The Disney alligator that killed a toddler in Florida a week-and-a-half ago has been caught. The FWC is confident they found the alligator responsible for attacking 2-year-old, Lane Graves.
According to a statement released to People on Wednesday, the organization believes they captured and killed the right alligator.
— New York Post (@nypost) June 23, 2016
“There are no words to describe the profound sadness we feel for the family of Lane Graves,” Nick Wiley, executive director of the FWC, said. “We will continue to keep this family close to our hearts as they deal with the pain and grief of the loss of Lane.”
A spokesperson confirmed that the alligator was euthanized. Based on “expert analyses and observations by staff with extensive experience in investigating fatal alligator bite incidents,” the FWC explains that it was able to positively identify the Disney alligator that officials have been searching for.
Officials also worked off a witness description, proximity to the site of the attack, and the size of the alligator.
In the aftermath of the Disney alligator attack, officials “humanely removed” six alligators from the Grand Floridian Resort & Spa in Orlando — which is where the toddler was snatched by the reptile and dragged into the water.
Experts and a forensic odontologist work the FWC investigators in its process of elimination of the alligators they’d captured. Three of the six alligators fit the size of the one described to have nabbed Lane. Of the three, two were closest to the area where the boy was killed.
“While results of a bite were inconclusive, subject matter experts were able to conclude that either of the two suspect alligators captured near the attack site were capable of inflicting the observed wounds,” the FWC said in a statement.
The Conservation Commission revealed that “DNA was collected from the victim and all alligators captured. Results from the victim’s wounds were negative for animal DNA, and no comparison could be made.”
FWC officials go on to say that alligator attacks are “a very rare occurrence in Florida” and that it “works diligently to keep Floridians and our visitors safe and informed on what to do if they spot a potentially dangerous alligator.”
— People Magazine (@people) June 22, 2016
Orlando Sentinel reports that the FWC didn’t disclose exact locations as to where they found the alligators and their sizes.
Disney had over 40 square miles that investigators had to cover. In the last 10 years, 240 nuisance alligators have been caught at Walt Disney World, with 15 of them being removed this year so far. This information comes from records released Wednesday evening by the Florida Fish and Wildlife Conservation Commission.
Lane’s parents — Melissa and Matt Graves — have released statements expressing their profound grief over the loss of their son, but have declined to comment on the latest development regarding the Disney alligator being caught and killed.
The 2-year-old boy was playing in very shallow water when an alligator suddenly grabbed him around 9 p.m. on Sunday, June 14. Searchers later found his body intact; the cause of death was drowning.
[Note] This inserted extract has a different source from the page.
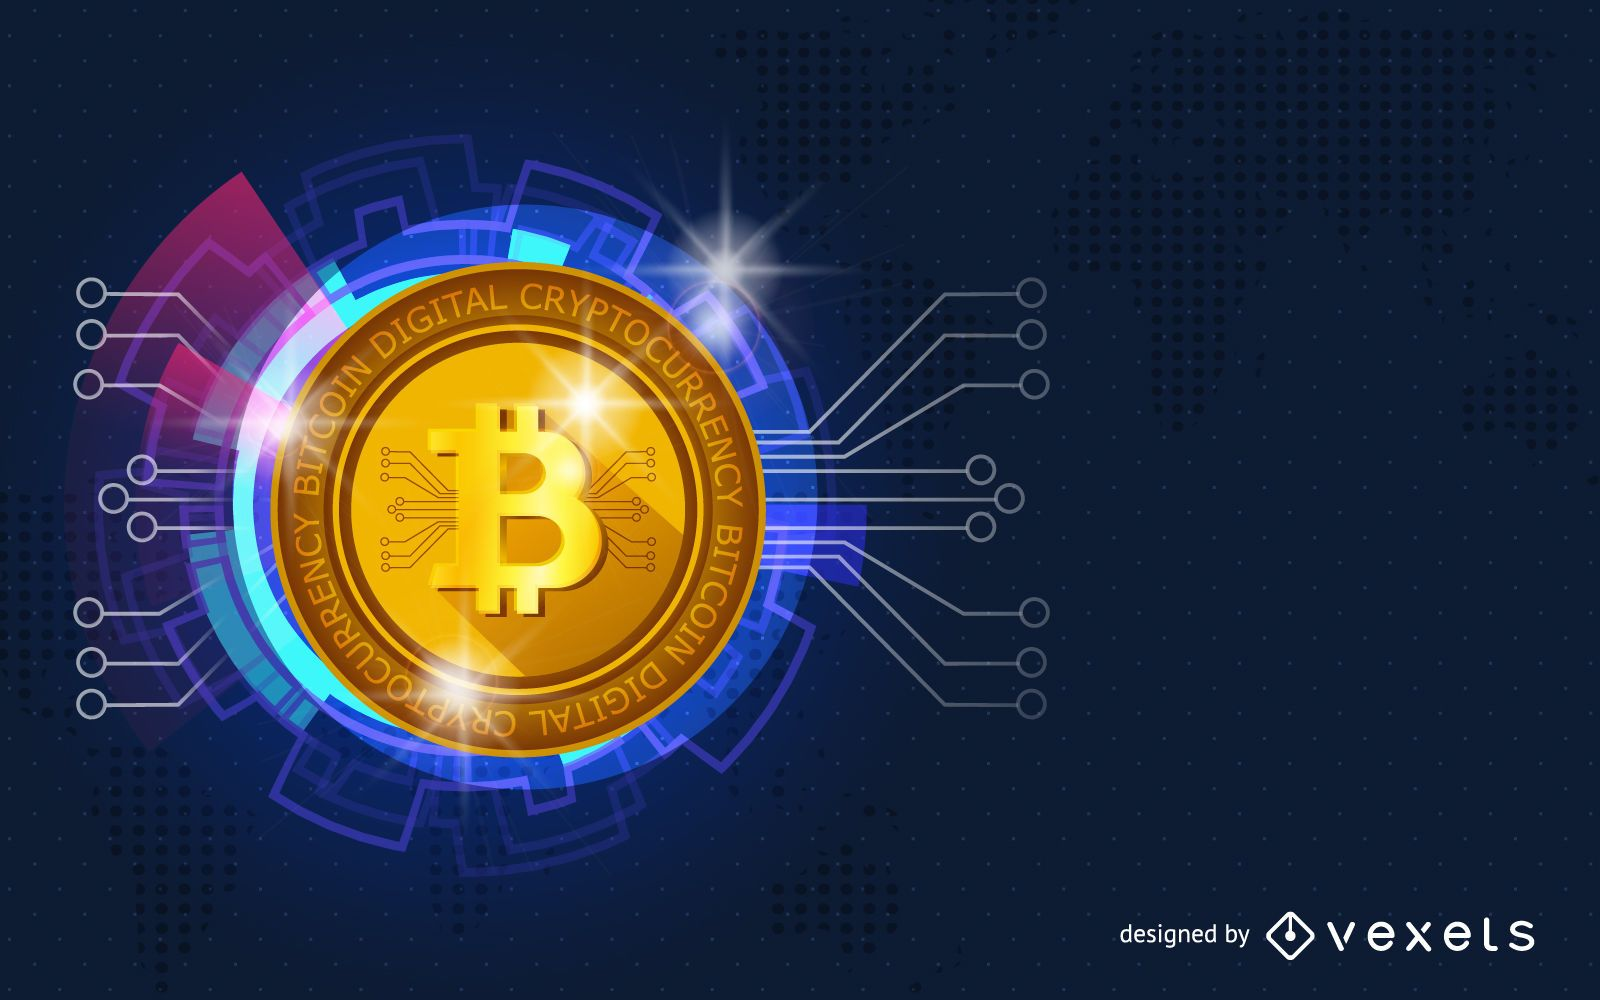 Bitcoin cryptocurrency header design

He also had bite wounds.
In the meantime, Disney has posted more signs warning visitors of alligators and other wildlife in the area. They’ve also begun the process of installing higher fencing around the area, though some experts warn that alligators will find a way in if they’re determined.
Lane’s death goes to show how unpredictable wildlife can be since the FWC noted in its statement that the area in which the child was attacked was “poor alligator habitat that will not support a large population of adult alligators.”